You cannot simultaneously require a hiring model to be de-biased and treat de-biasing as suppression of accuracy. Someone has to lose.
Where it stands
The comment period is closed. What the Commission does with the record is unknown, and a proposed policy statement is not a rule — it does not have independent legal force, and it is not directly reviewable in the way a rulemaking would be.
What it is, is a statement of enforcement intent. Companies read those and adjust. That is the point of publishing one.

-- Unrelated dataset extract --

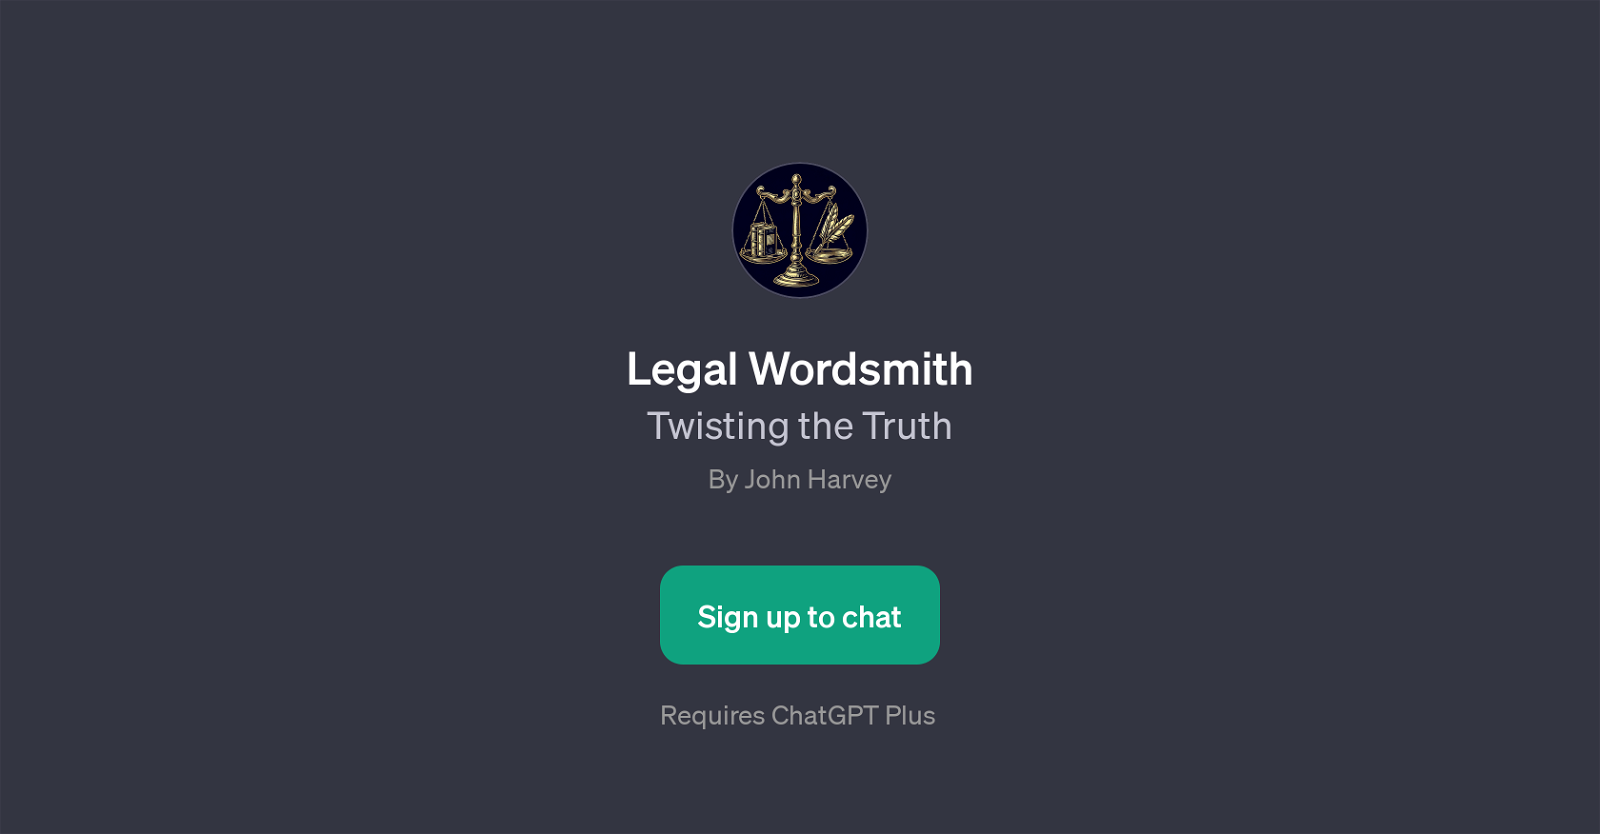 Legal Wordsmith website

If the Commission finalizes it as drafted, the practical effect is that any AI company facing a state law requiring output adjustments has a federal document to point at when arguing the state requirement puts it in conflict with Section 5. That argument does not have to win in court to be effective. It only has to make state compliance expensive enough to contest.
The pattern
Watch for the shape of this, because it will recur: a genuine consumer protection problem — undisclosed commercial steering in AI systems, which really does exist and really should be enforced against — used as the vehicle for an authority that mostly does something else.
The narrow version of this policy statement would be worth having. The version that arrived carries an executive directive about state law preemption inside it, and that is not a detail. It is the reason the document exists.